Creditworthy: Give Credit Where Credit is Due
Traditionally, lenders have relied primarily on “hard information” such as income level, assets (like property), and debt to predict creditworthiness. But sometimes that kind of hard information isn’t available, or is low quality. Additionally, these credit scoring systems don’t estimate borrowers’ probability of default—in some cases, loans with collateral can actually have higher default rates. New technologies for data generation and management offer opportunities to improve access to credit through reliance on “soft information.”

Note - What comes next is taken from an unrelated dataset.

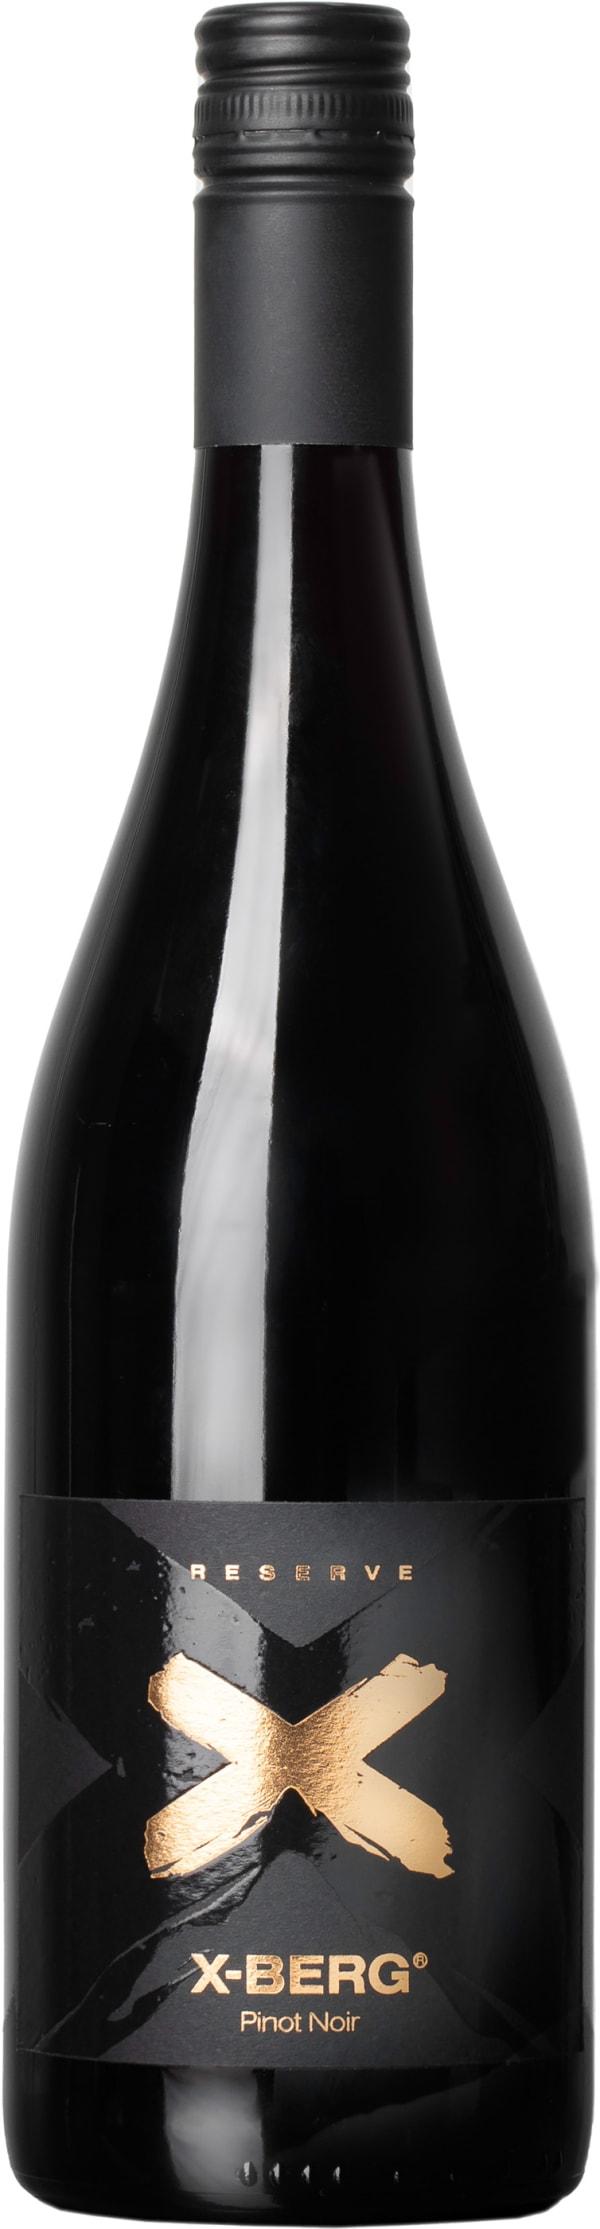 X-Berg Pinot Noir 2017

In a new paper, Wang, Drabek, and Wang, explore whether soft information can improve risk assessment and predict the probability of repayment. The researchers define soft information as “information transmitted by a selected social or psychological characteristic that captures the identity of the borrowers.” This includes demographic characteristics like age, education, gender, and race, but also even softer information, such as social networks, video interviews, profile pictures, and descriptions of prior borrowing stories.
They tested two hypotheses:
- Hypothesis 1: Credit appraisal based on appropriately selected soft information can have strong predictive power.
- Hypothesis 2: The credit predicting model can be strengthened by soft information. Soft information captures useful information that isn’t included in hard information for credit analysis.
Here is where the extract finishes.